Ketua LEU MUI Surati Irjen Karyoto karena Merasa Dikriminalisasi
- vivanews/Andry
VIVA Metro – Baru jadi Kapolda Metro Jaya, Inspektur Jenderal Polisi Karyoto disurati Ketua Lembaga Ekonomi Umat Majelis Ulama Indonesia (LEU MUI), Sutrisno Lukito Disastro, buntut penetapan dirinya jadi tersangka.
Dia minta dilakukan lagi gelar perkara untuk menelaah kembali penetapan tersangka terhadapnya. Adapun hal tersebut diungkap pengacara Sutrisno yang bernama Tomson Situmeang.
"Kami mau tanya lagi surat permohonan untuk gelar perkara dari 29 Maret 2023 apa akan digelar, apa gimana," ucap dia di Markas Polda Metro Jaya, Jumat 14 April 2023.
Dia merinci, kliennya ditetapkan jadi tersangka berdasar Surat Pemberitahuan Penetapan Tersangka Nomor: B/13/II/RES.1.2./2023/Restro Tng Kota, tanggal 9 Februari 2023 terkait dugaan Tindak Pidana Pemalsuan Surat dan/atau Menyuruh Menempatkan Keterangan Palsu ke dalam Akta Otentik sebagaimana dimaksud dalam ketentuan Pasal 263 Ayat (1) dan Ayat (2) KUHPidana Juncto Pasal 55 KUHP dan/atau Pasal 266 Ayat (1) dan Ayat (2) KUHPidana Jo Pasal 55 KUHP yang terjadi pada bulan Maret 2018 di Desa Dadap, Kecamatan Kosambi, Kabupaten Tangerang.
"Menurut kami ada kriminaliasasi tokoh ulama, Bendahara Pengurus NU, Dewan Pakar Muhammadiyah dan MUI selaku Bidang Ekonomi," ucapnya.
Kata dia, dalam kasus ini sejatinya antara pelapor Idris dengan terlapor Djoko Sukamtono. Dalam laporan polisi yang dibuat Idris pun tidak disertakan Pasal 55 KUHP tentang penyertaan, sehingga terlapornya cuma Djoko.
Lantas, lanjutnya, berkas perkara Djoko sudah lengkap alias P21 dan sudah diputus lewat persidangan. Selama proses persidangan juga tak ada pengenaan Pasal 55 KUHP. Maka dari itu, ia merasa janggal nama kkiennya malah terseret.
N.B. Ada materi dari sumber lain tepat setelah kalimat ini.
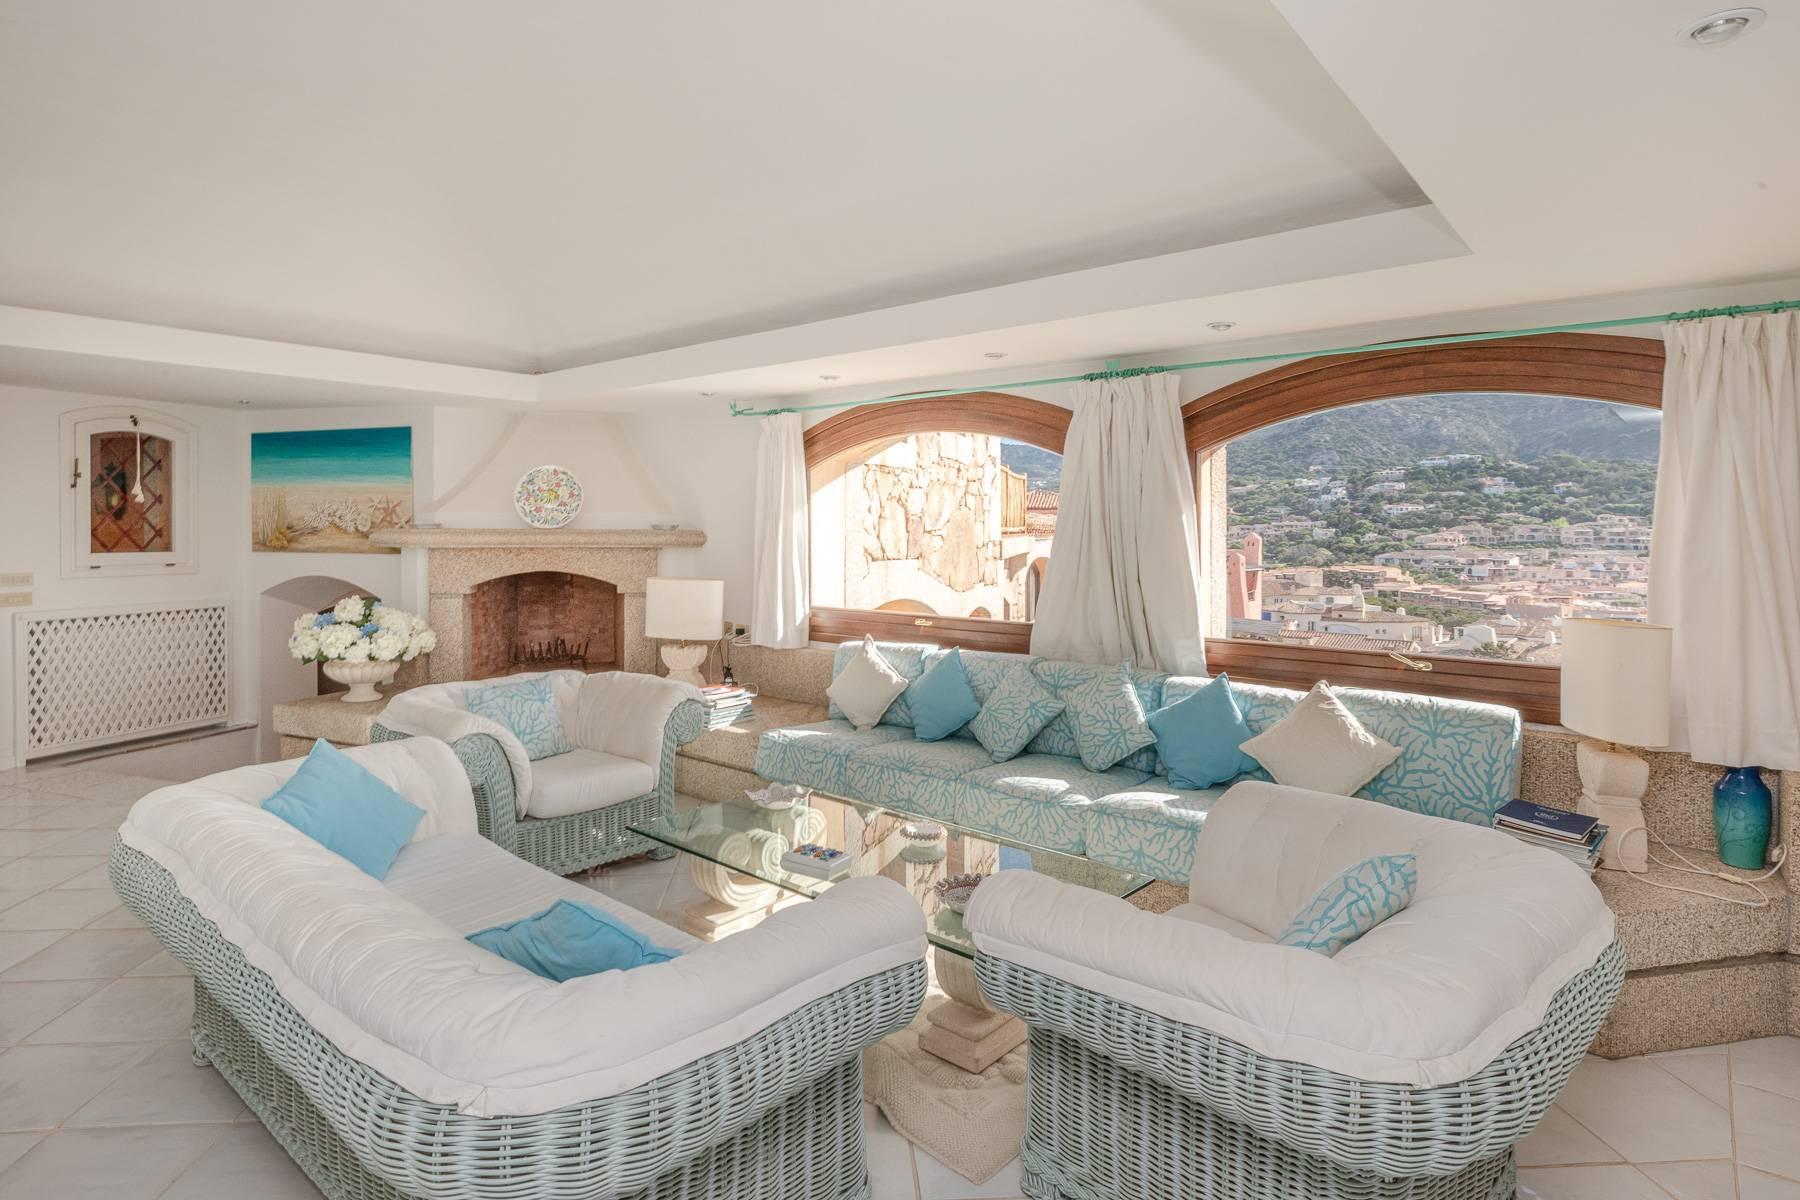 Importante villa indipendente con un impareggiabile panorama, nel cuore di Porto Cervo. - 8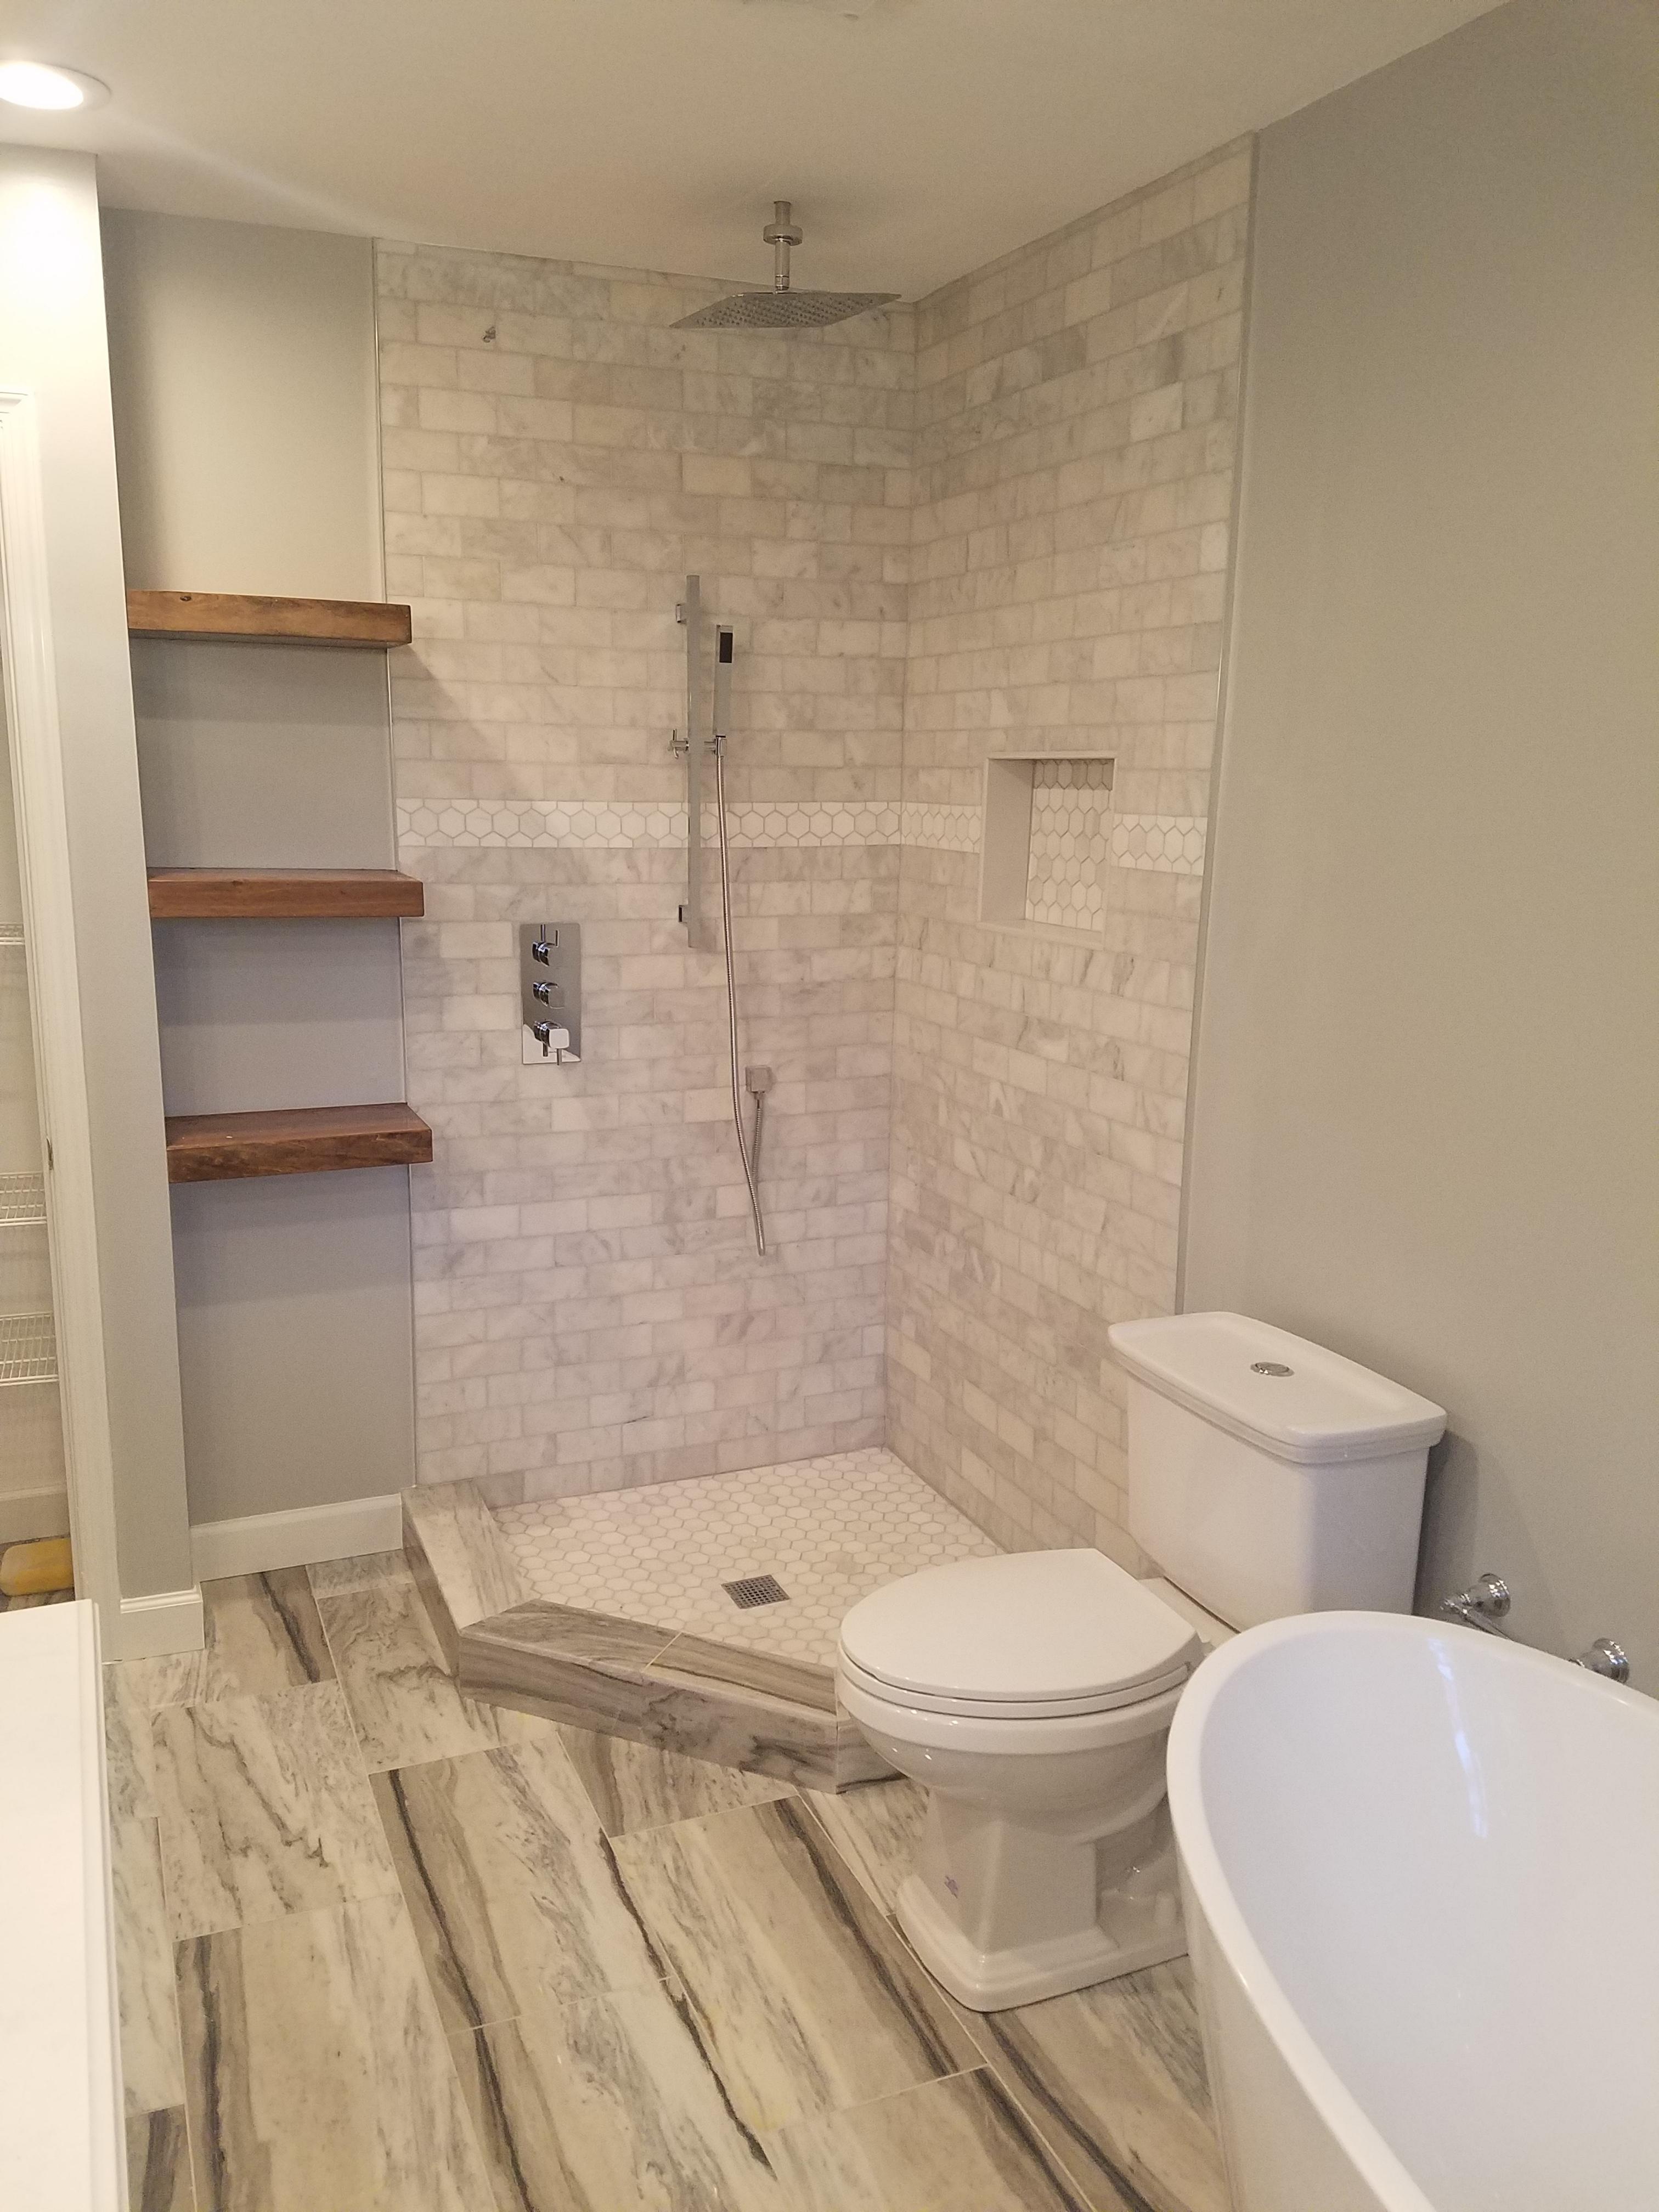 Local bathroom contractors get a free estimate online now for Local bathroom contractors

"Djoko ini karyawan si ulama (Sutrisno), dia ditersangkakan karena dianggap harus ikut bertanggung jawab," ucapnya.
Lebih lanjut dirinya menganggap kalau Idris bukan pemilik sah tanah yang disengketakan dengan Djoko. Pasalnya, Idris ada di Lampung sejak Tahun 1982 sampai dengan 2018. Kemudian Idris dapat tanah itu sebagai warisan dari orangtuanya, Iran pada tahun 1982 lalu dibuatkan girik.
Padahal, pasca terbit Undang-Undang Nomor 5/1960 tentang Peraturan Dasar Pokok-Pokok Agraria, 24 September 1960 dan PP Nomorb10/1961 tentang Pendaftaran Tanah, 23 Maret 1961, sudah tiak ada lagi penerbitan girik sebagai alas hak tanah adat, sesuai ketentuan Pasal 24 ayat (1) PP Nomor 24/1997 tentang Pendaftaran Tanah dan Penjelasannya.
Terakhir, lanjutnya, pihak kelurahan sempat mengeluarkan surat yang menyatakan girik milik Idris tak ada dalam arsip di kelurahan. Tapi, dalam sidang dikatakannya mendadak berubah kalau girik Idris ditemukan di sebuah bundle yang acak-acakan. Kemudian, Lurah Dadap pun menyatakan kepemilikan surat girik nomor 727 yang diklaim Idris sesungguhnya atas nama Layung padahal tak pernah ada mutasi maupun peralihan kepemilikan dari Layung kepada Idris.